# Awaiting relative's permit to accompany spouse



## Jennybadenhorst (May 22, 2013)

I am awaiting the renewal of my relative's permit to accompany my SAC spouse.
I left the country and was banned, appealed, the ban was waived. So I returned and they gave me a three month visitor visa that expires on November 13th.

1) do I need to leave the country by then (November 13th) or can I remain in SA and still wait for my TRP renewal? If I didn't leave the country then I would still just be here waiting in the same situation. 

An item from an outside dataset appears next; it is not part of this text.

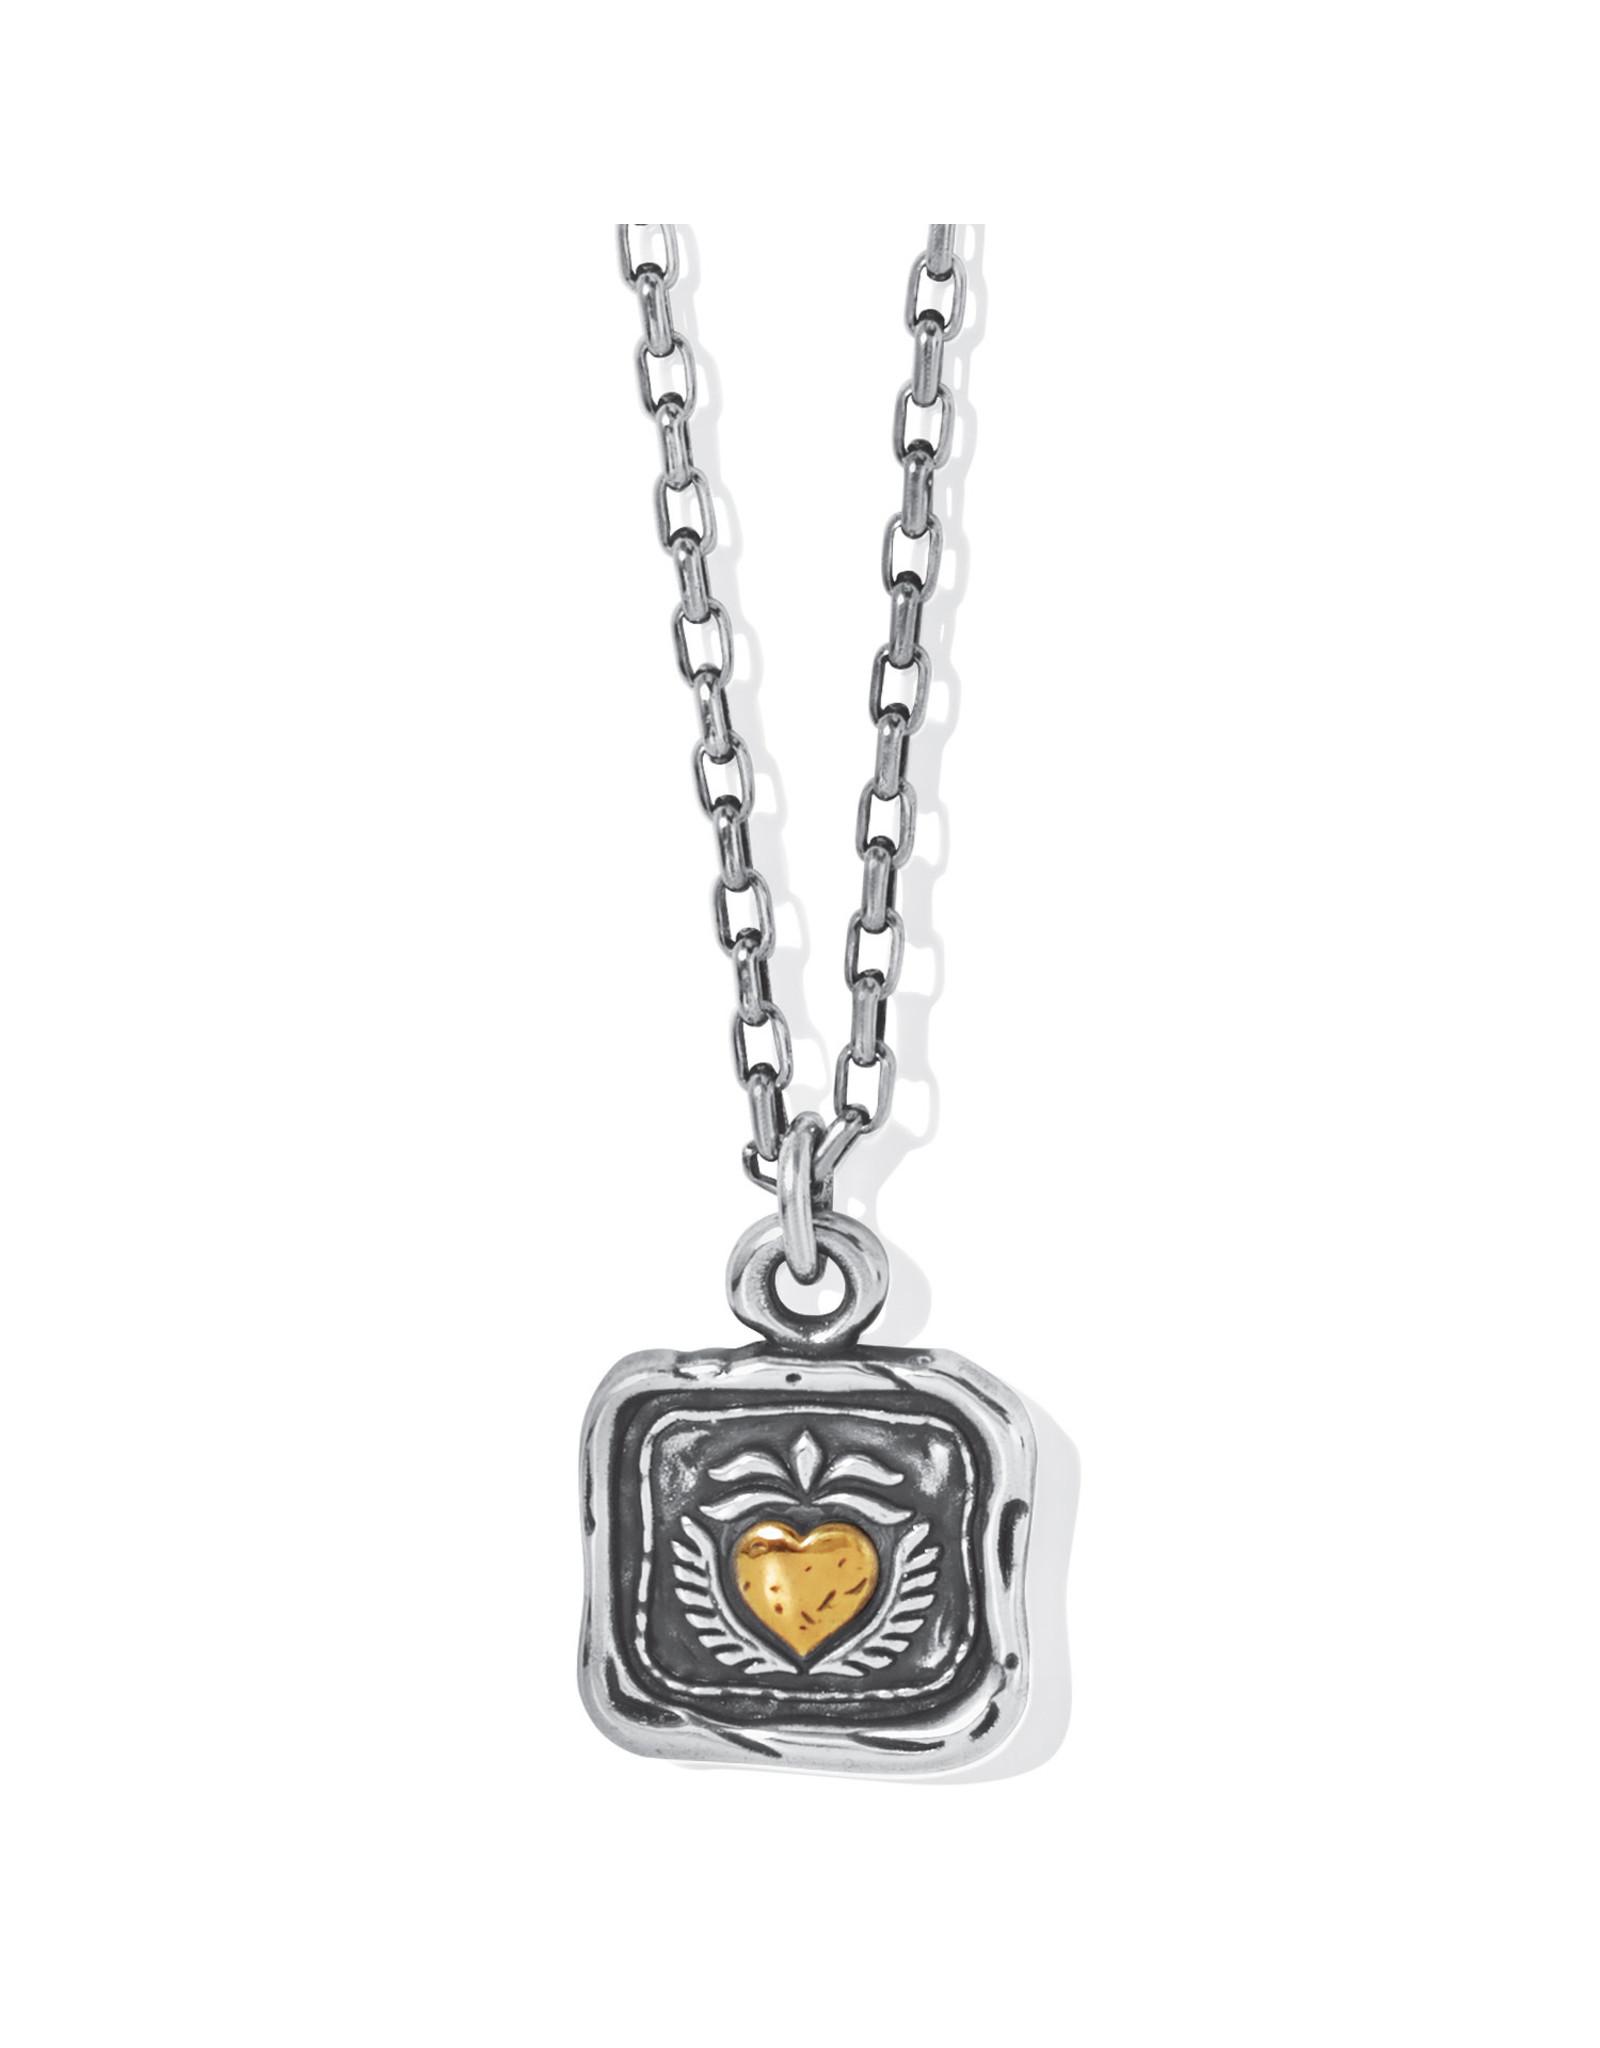 Brighton Ferrara Virtue Winged Hearted Pendant Necklace

2) If I consult an immigration lawyer what will they be able to do to help me? i.e. Speed up the process of my renewal or are they just going to be calling the hotline constantly like I already do to no avail.

Any advice welcome!


----------



## Moto80 (Mar 10, 2015)

Hi there

I am aware that this is an older post but hope you might be able to help me anyway.

When you left the country and was banned how long did the appeal take and did you do it yourself?

Hope to hear back

Best


----------



## Jennybadenhorst (May 22, 2013)

Hi there
I did it myself, it took just over a week from when I submitted the application via e-mail. 
So glad I didn't waste the thousands or rands I was quoted by a lawyer!


----------



## Moto80 (Mar 10, 2015)

Wow!!! That was quick!!!! Well done 

I might have to do the same... Waiting for my appeal and it is taking sooooooo long 

Have your visa come through now?


----------



## Jennybadenhorst (May 22, 2013)

Yes my visa came through in October, now I'm getting ready to apply for permanent residency :see_no_evil: I pray for mercy and grace!


----------



## Moto80 (Mar 10, 2015)

Good luck  I hope DHA gives you an easy ride.

I might come crying to you again if/when I need to leave the country and get the dreaded stamp 'undesirable'. What a horrible word anyway


----------



## Daddy (Feb 17, 2015)

Jennybadenhorst said:


> I am awaiting the renewal of my relative's permit to accompany my SAC spouse.
> I left the country and was banned, appealed, the ban was waived. So I returned and they gave me a three month visitor visa that expires on November 13th.
> 
> 1) do I need to leave the country by then (November 13th) or can I remain in SA and still wait for my TRP renewal? If I didn't leave the country then I would still just be here waiting in the same situation.
> ...


Hello Jenny- could you please tell me how do u check if the ban is waived? Do u receive email? SMS?


----------